Both Democratic Action and COPEI were completely discredited after those events, while Chávez was elevated to hero status. For weeks after the coup, slum residents rallied in support of the arrested officers. Chávez attempted a second coup from prison in November 1992, which the government suppressed at the cost of 230 lives. After crushing the revolt, Pérez suspended basic civil liberties - from freedom of speech to the right to peaceful assembly - and established a 6:00 p.m. curfew.

In a 1993 poll of voters' preference among all the main political parties, "none of the above" stood as top choice with 34 percent. Another poll during that period indicated that Alberto Fujimori, now president of Peru, was the most popular politician in Venezuela.

Fujimori, a Bonapartist figure himself, ran on a similar anticorruption, "put faith in me"-type campaign. As president, he dissolved Peru's congress and courts and clamped down on democratic rights with popular support, in the name of fighting inflation and "terrorism."
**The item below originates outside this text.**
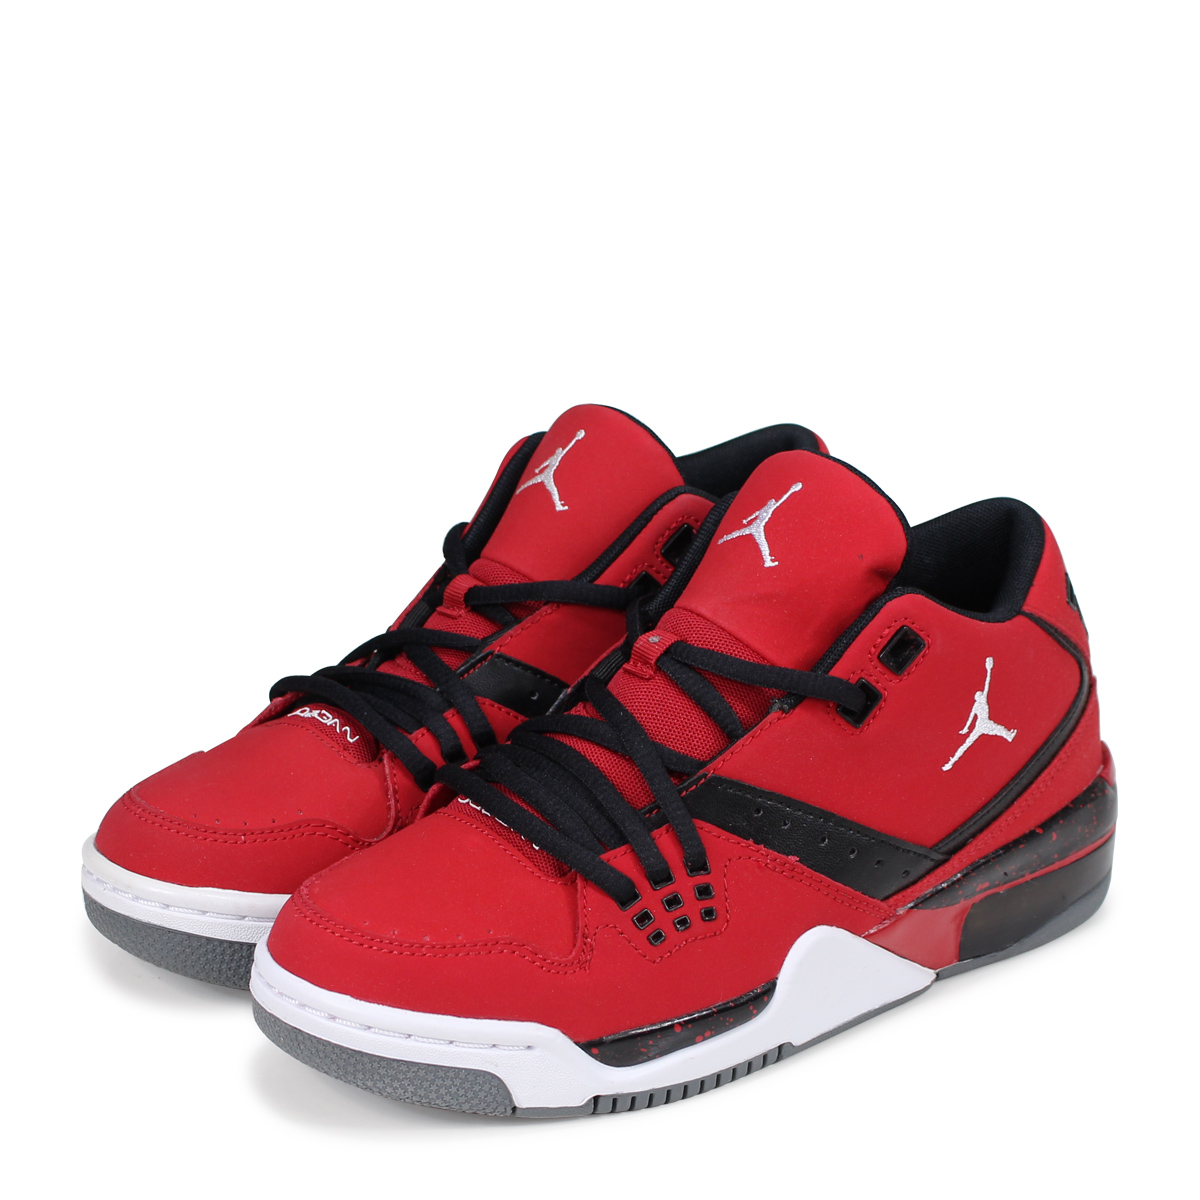 jordan shoes 23 red

In early 1993, Pérez was indicted and suspended from office on corruption charges. He was impeached by the Venezuelan Senate in May of that year.

Conservative Rafael Caldera replaced him. Caldera had served a presidential term earlier, but was repackaged by the ruling class as an "independent" and "clean" candidate. Four months after coming into office to "save" the economy, Caldera declared an economic emergency and suspended the constitution, including the right not to be arrested without a warrant and the right to freedom of movement of people and goods.
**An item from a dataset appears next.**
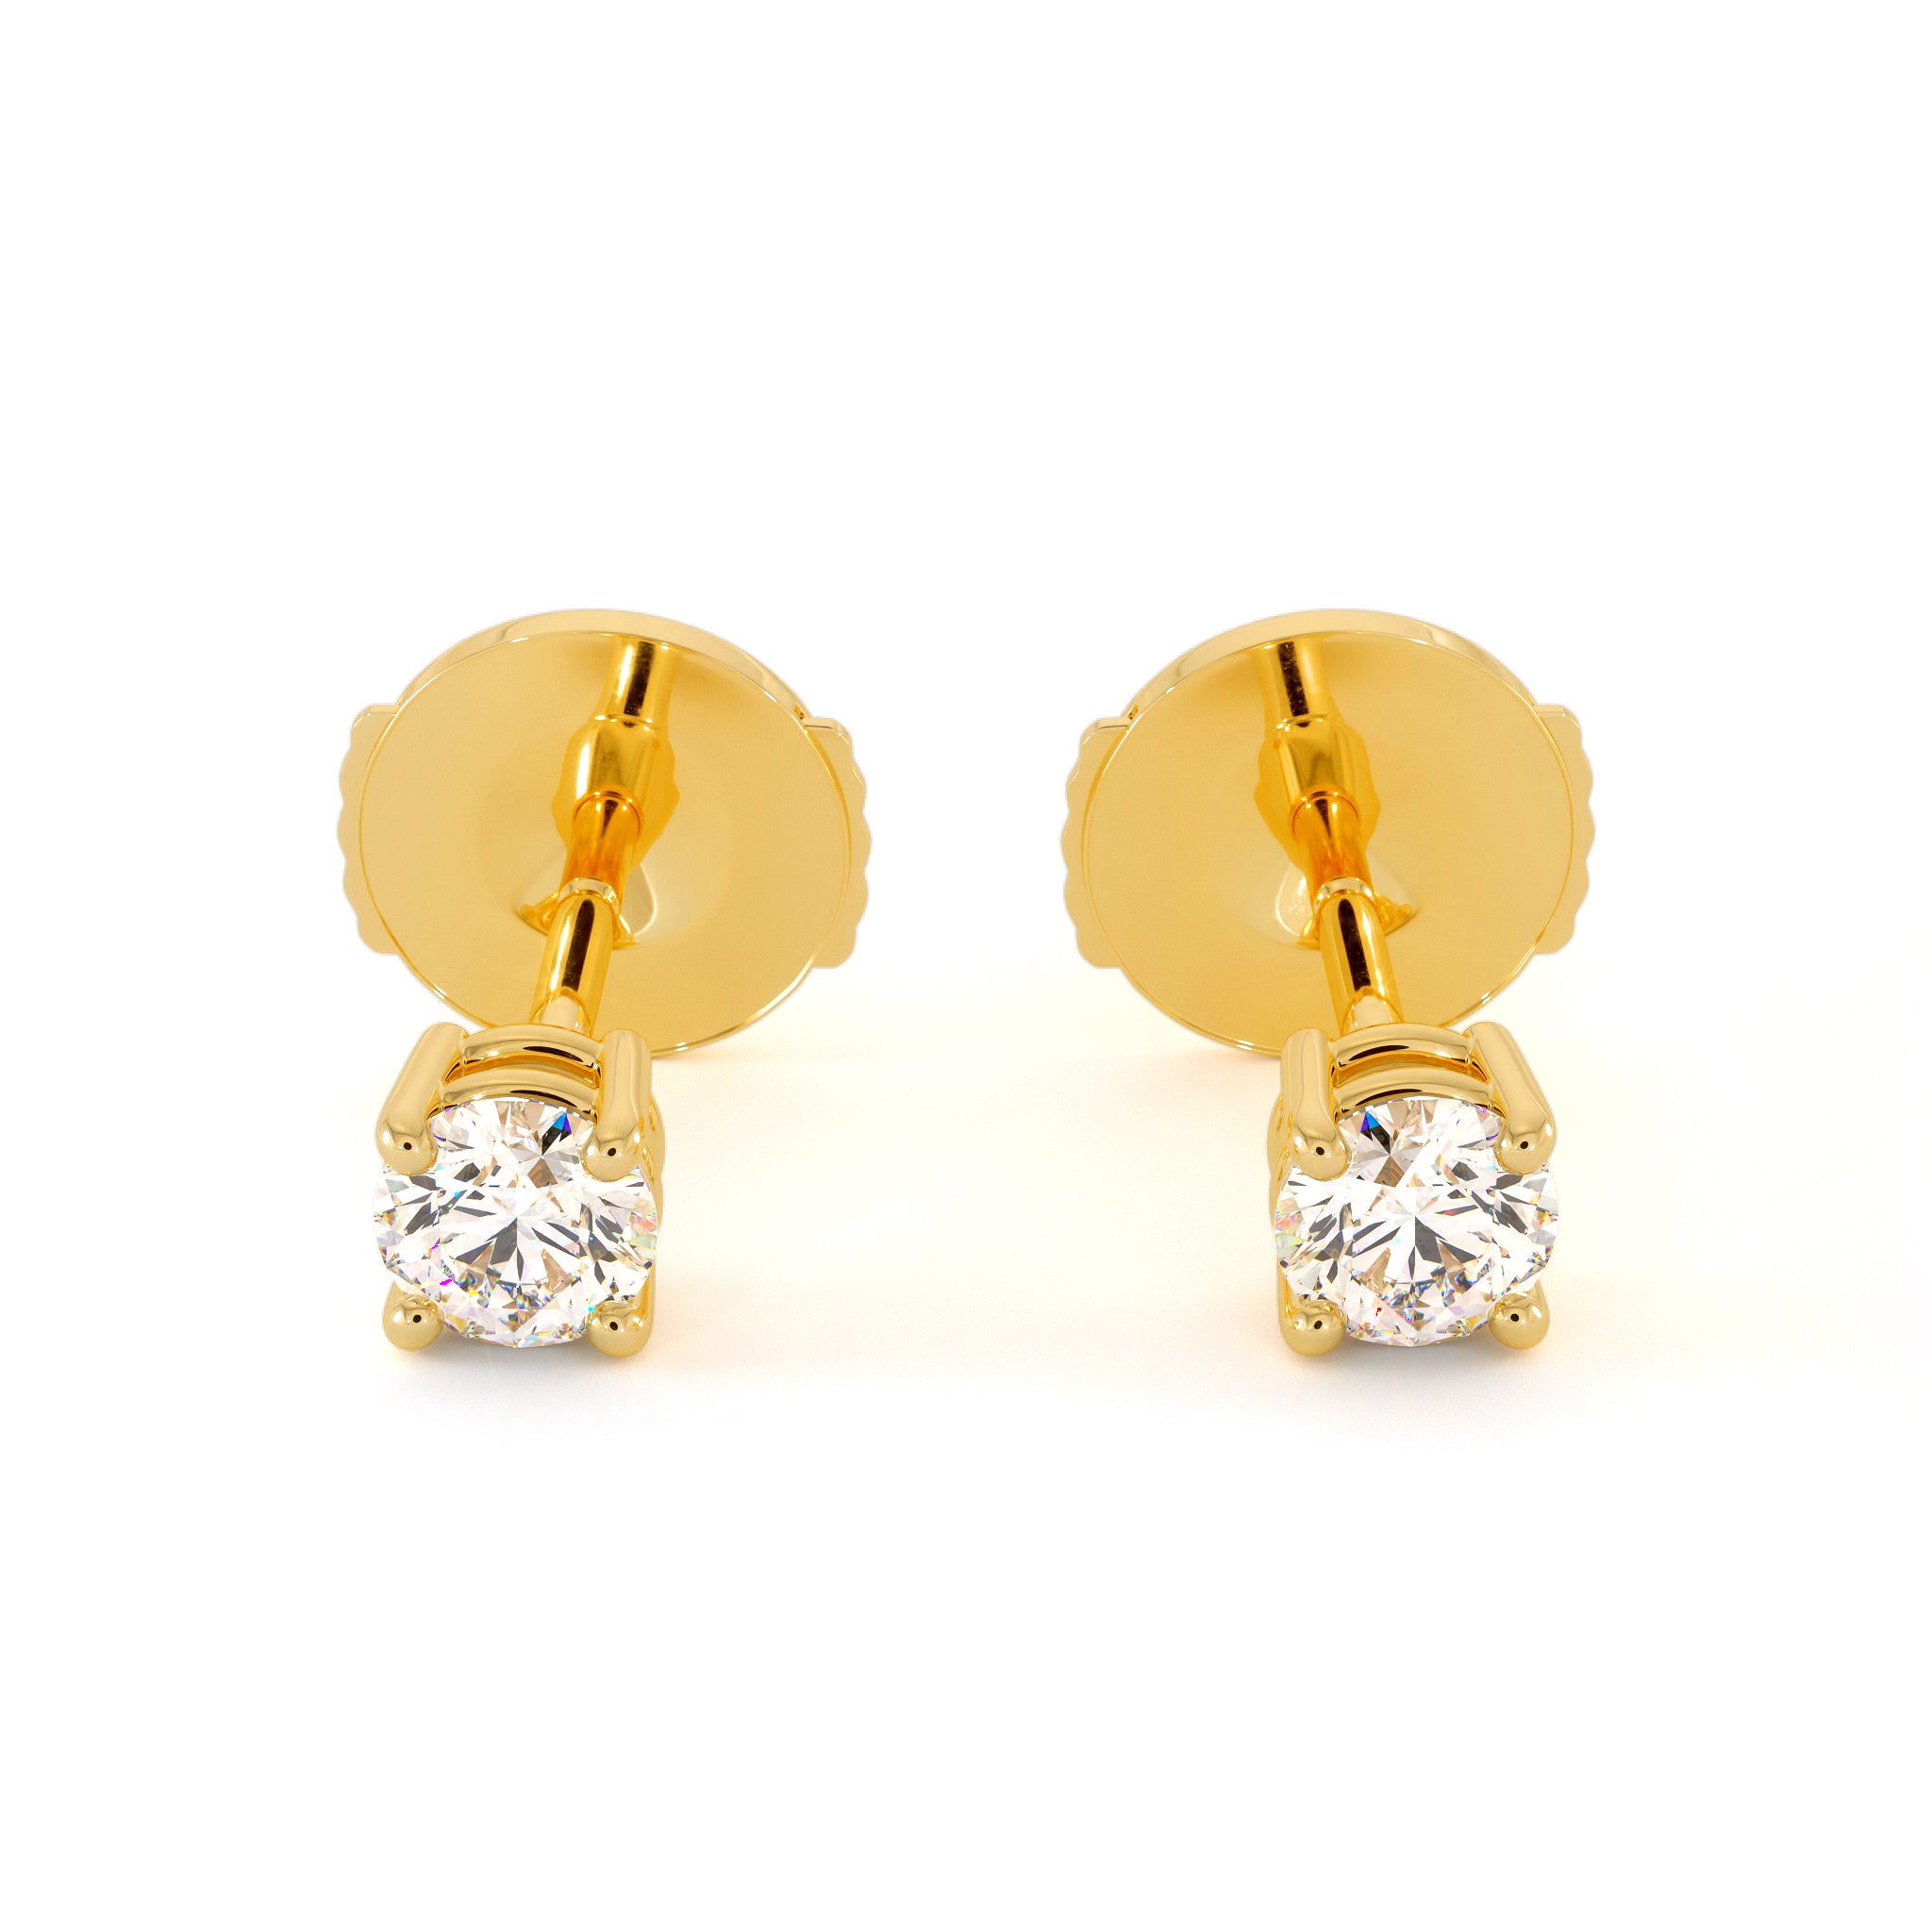 Packshot des boucles d'oreilles en diamants et or jaune, modèle Priya de forme ronde

The deflationary crisis has been deepening since then. Oil is sold for less than $10 a barrel today - a quarter-century low for Venezuela. Real incomes have fallen by nearly two- thirds in the last 15 years and 70 percent of Venezuela's 21 million people live in poverty. Venezuela has one of the largest gaps in distribution of wealth, with nearly half the country's income going to 20 percent of the population.
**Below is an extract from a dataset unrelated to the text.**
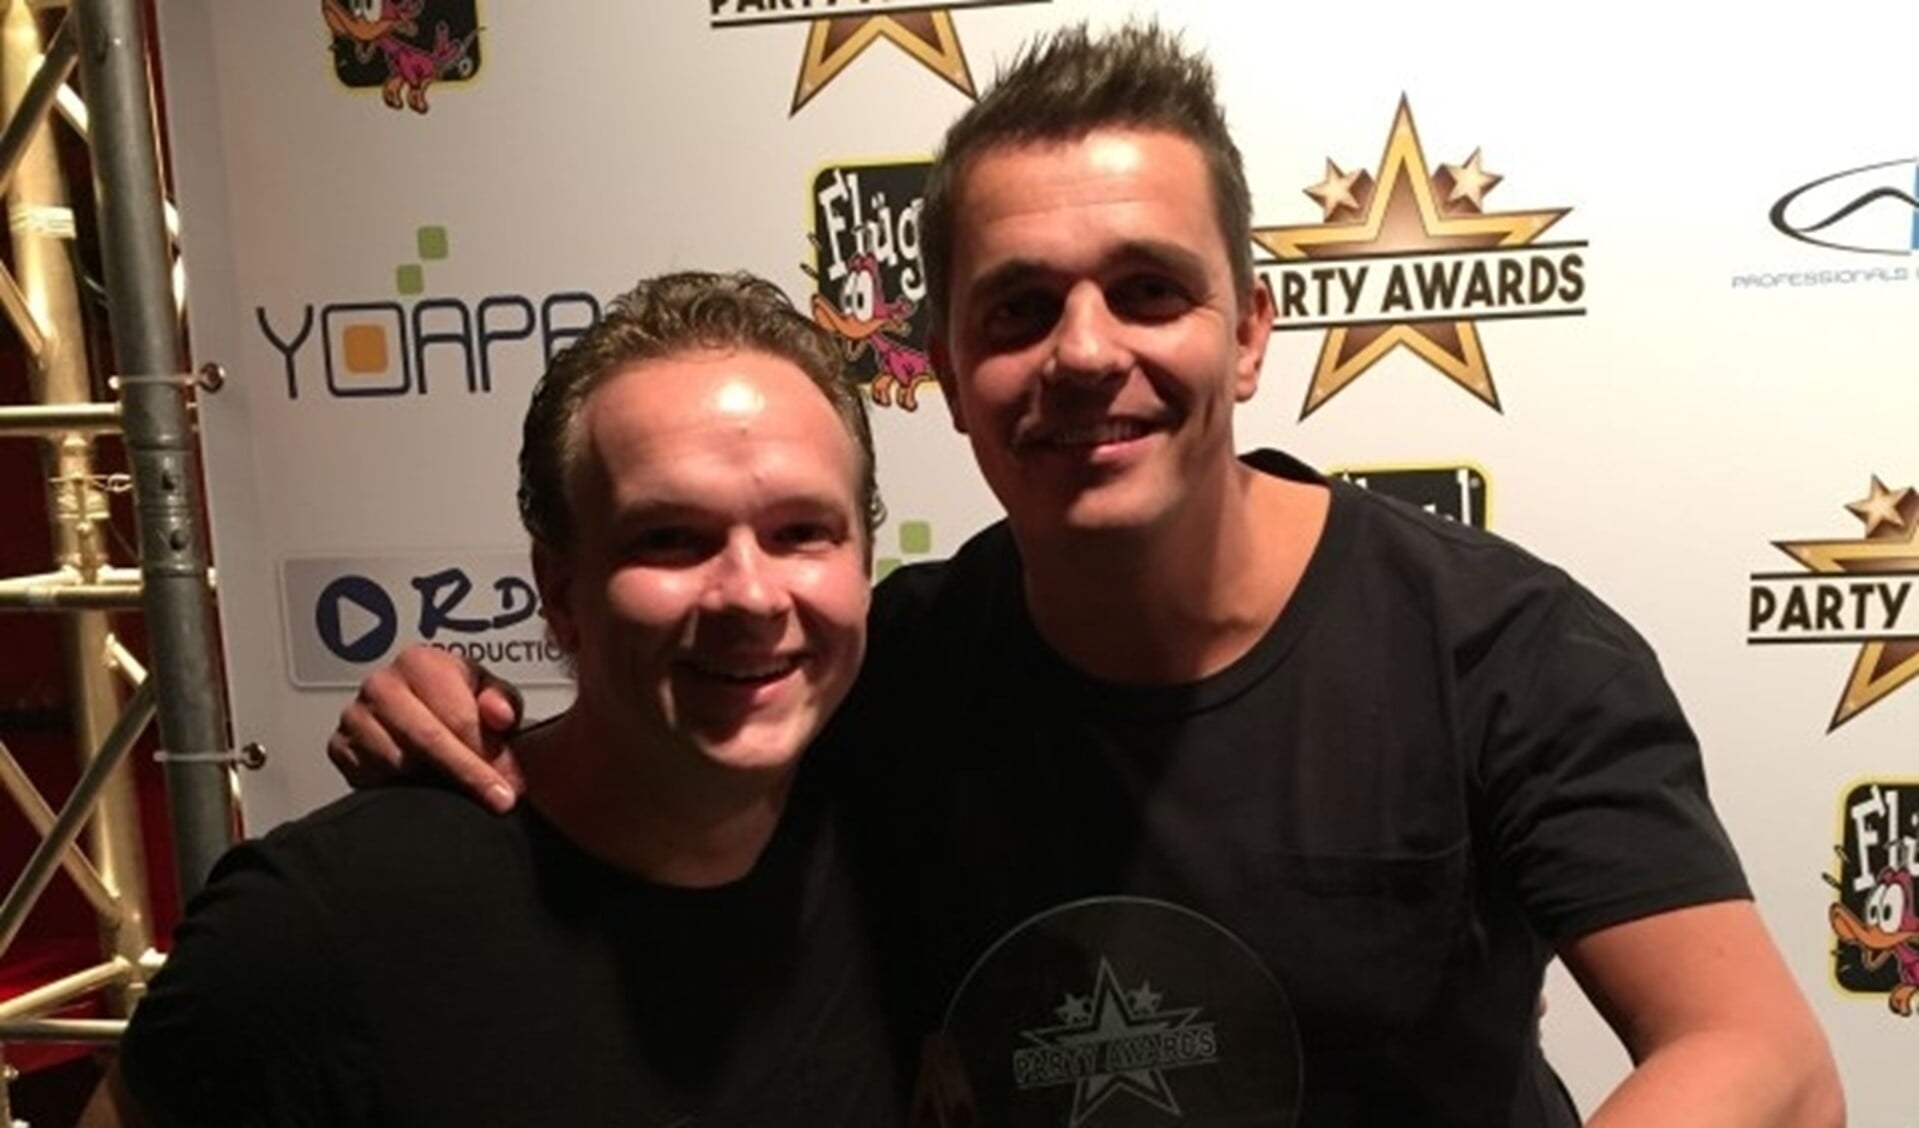 Jordy Graat wint Party Award, samen met Gert-Jan van der Zee.

Strikes, protests, and marches by many sectors of the working class - from oil workers to teachers - have been ongoing for wage and pension increases. One of the highest turnouts for May Day, the international worker's holiday, was in Venezuela, where tens of thousands filled the streets.

Under these conditions, Chávez, who claims to champion the rights of the downtrodden, drew 700,000 people to his closing campaign rally December 2, as the two main parties in power for the last four decades collapsed in public opinion.

Shedding radical image
Chávez has already begun to shed many of the leftist elements of his radical rhetoric. He has called on banks and private investors to bring capital back into the country, which businessmen whisked abroad upon news of his possible victory. He has opened his arms to dealings with the U.S. government that labeled him a terrorist after his coup attempts and has denied him a visa to enter the United States. An article in the Spanish-language big-business newspaper El País quoted Chávez in a meeting that included former U.S. president James Carter. "There are no hard feelings with the United States," he said.

Many working people have high expectations that the Chávez administration will deliver jobs and increase the social wage. During his campaign, Chávez promised 30,000 bolivars ($53) to every unemployed Venezuelan, minimum wage hikes, job security, and retirement guarantees.

But everything indicates Chávez will be a loyal defender of capitalism. In fact, some bourgeois commentators point out that given how discredited the whole gamut of "mainstream" politicians are, Chávez may be the only one who can get away with driving through sharp attacks on working people. That, at least, is what capitalist politicians and pundits are banking on.